De sorte que le spec­ta­cle ne com­mençait pas par la réjouis­sante recom­man­da­tion atten­due mais on voy­ait, lorsque la scène s’éclairait, un homme un peu voûté, nous tour­nant le dos, vêtu d’un long pardessus, et ne dis­ant mot. Après plusieurs min­utes, il piv­otait très lente­ment, tou­jours silen­cieux, mon­trant alors une face enfar­inée et acca­blée, dotée d’un long nez crochu de polichinelle. Il se décidait enfin à par­ler : Ah, l’étrange chose que la vie ! et que je puis bien dire, avec ce grand philosophe, qui terre a guerre a, et qu’un mal­heur ne vient jamais sans l’autre. Je n’avais qu’une seule femme, qui est morte… On recon­naît là les pre­mières lignes de L’Amour médecin, à cela près que la scène d’exposition était trans­for­mée en mono­logue, sans que per­son­ne fût présente pour pos­er la ques­tion : Et com­bi­en donc en vouliez-vous avoir ?
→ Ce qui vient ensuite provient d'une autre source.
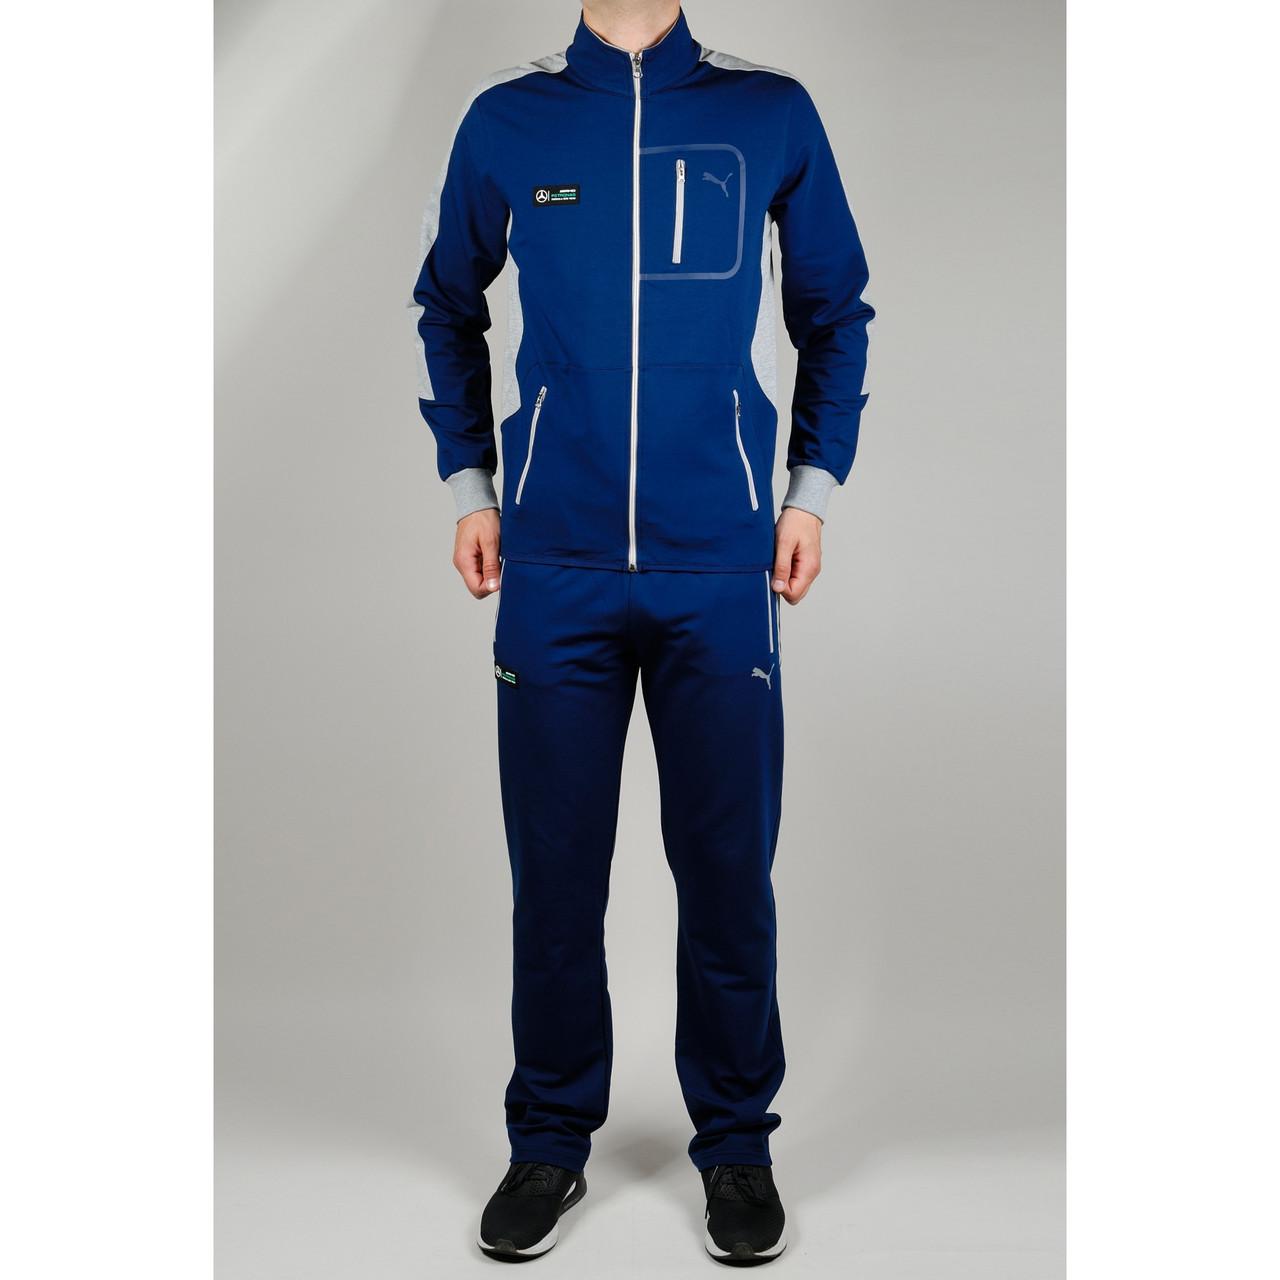 Спортивный костюм PUMA MERCEDES 20959 темно-синий

Ce solil­oque se pour­suiv­ait un temps, ensuite de quoi le Sganarelle écrasé par l’adversité sor­tait côté cour, tan­dis que sur­gis­sait, côté jardin, un autre Sganarelle suivi de Geron­i­mo, tout aus­si enfar­inés et pourvus de faux nez, mais vire­voltant et bondis­sant comme deux Arle­quins de Com­me­dia del­l’arte. Démar­rait alors Le Mariage for­cé, mais hélas seule­ment par Ah, seigneur Geron­i­mo, que je vous trou­ve à propos…

On pou­vait y déplor­er bien d’autres coupures ; la dis­pari­tion, par exem­ple, de toute la scène avec le pyrrhonien Mar­phurius. Je ne me sou­viens plus bien com­ment tout cela s’enchaînait avec L’Amour médecin, vic­time aus­si de longues coupures, notam­ment celle de la délibéra­tion des qua­tre médecins, pour­tant intro­duite par une bien diver­tis­sante didas­calie, qui en dit long sur leur vacuité : « Ils s’asseyent et tou­ssent. » Seule en sub­sis­tait, mais en a parte et comme à la sauvette, une brève allu­sion aux mérites respec­tifs de la mule de M. Tomès et du cheval de M. Desfonandrès.
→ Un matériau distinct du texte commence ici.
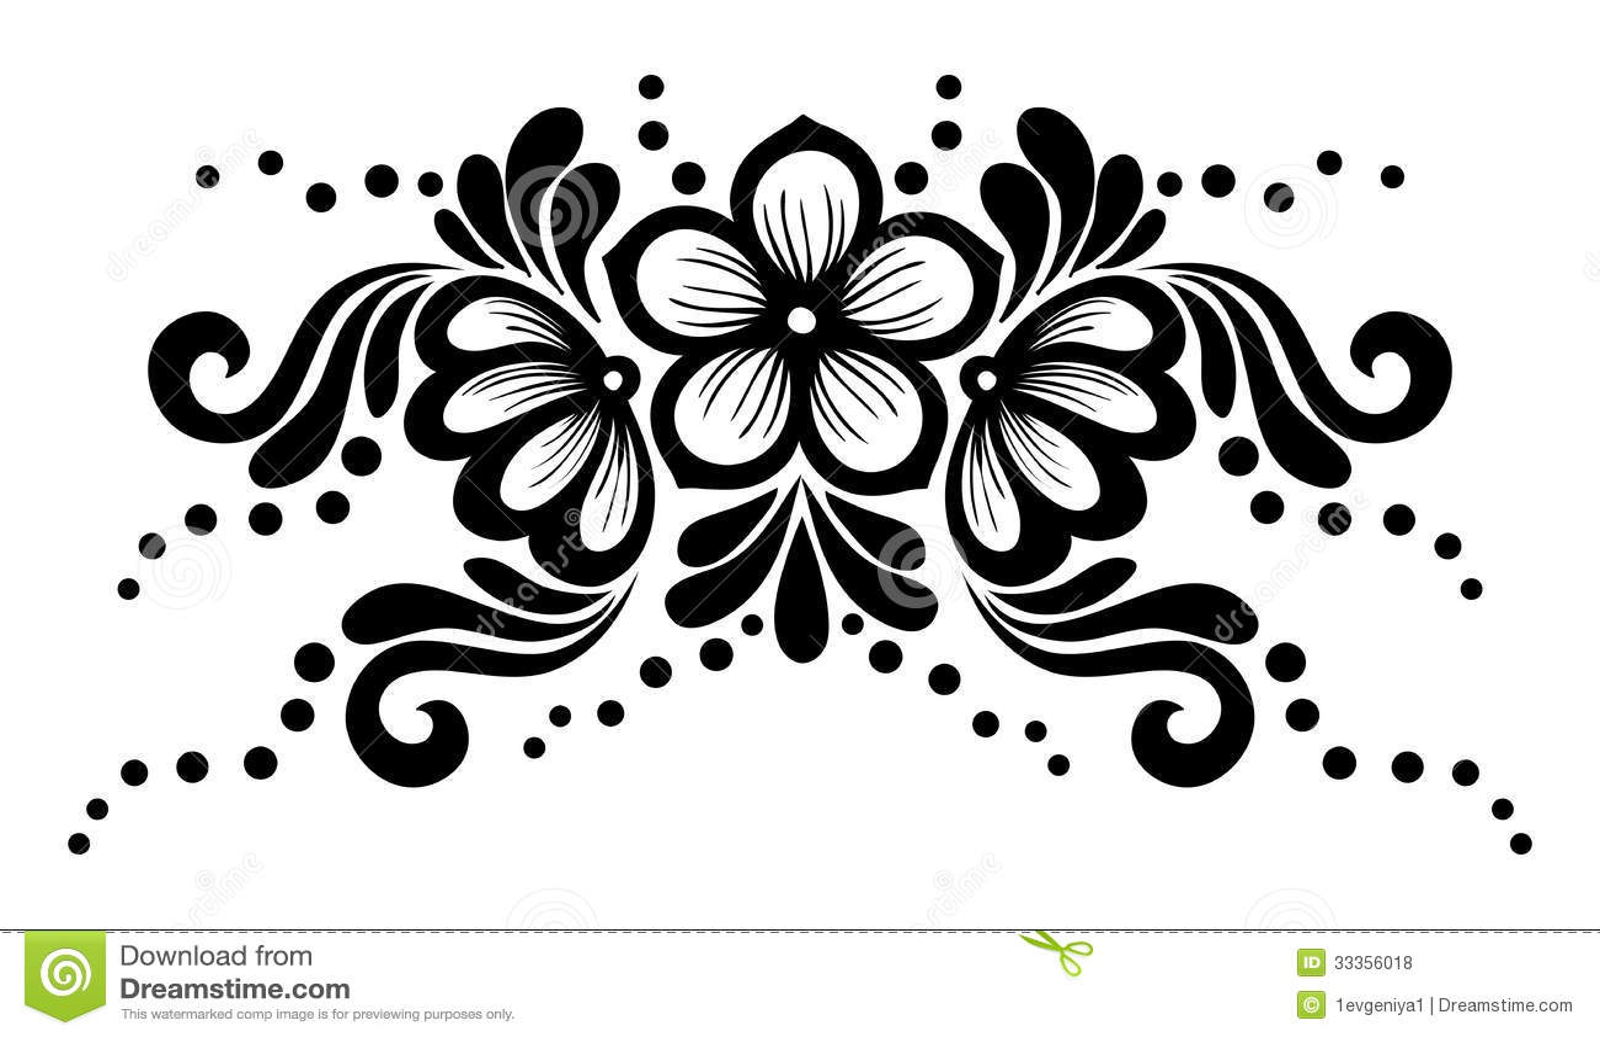 white floral designs

Mal­gré ces fan­taisies et grâce au tal­ent des comé­di­ens – il fal­lait voir se tré­mouss­er Dorimène-Lucinde, avec son petit nez en trompette et ses cou­ettes frétil­lantes – et surtout grâce à cette mer­veilleuse langue de Molière, ce fut une fête de l’oreille qu’entendre ce par­ler si sim­ple, si dépourvu de tout arti­fice, jeux de mots, calem­bours et autres, si clair, si « coulant de source ».

Mais pourquoi donc le met­teur en scène, dis­posant de jeunes comé­di­ens dotés d’une évi­dente maîtrise du bien dire, s’était-il aven­turé à jouer au Mec­ca­no avec la con­struc­tion dra­ma­tique de Molière. En ce mois de mai deux mille huit, l’on ne pou­vait s’empêcher de se reporter quar­ante ans en arrière, en Mai 68, moment de cafouil­lage men­tal où l’on croy­ait devoir oppos­er les con­cepts de lib­erté et d’autorité, alors qu’ils sont complémentaires.

En matière de théâtre, qu’est-il résulté de ce tohu-bohu ? Dans cer­taines salles, la dis­pari­tion du rideau de scène et de la numéro­ta­tion des places, dis­po­si­tions qui passèrent alors pour de pro­fondes avancées de l’art dra­ma­tique. Soit. Il y a cepen­dant plus grave : la sub­sis­tance, qui se ren­con­tre encore chez bien des met­teurs en scène, même jeunes, du sen­ti­ment que n’existe d’autre moyen d’exprimer leur lib­erté créa­trice que le rejet de « l’autorité de l’auteur », fût-il Molière, en se per­me­t­tant de manip­uler les textes à tout va.
Il m’arrive de me deman­der qui, des comé­di­ens ou du pub­lic, sont le plus à plaindre.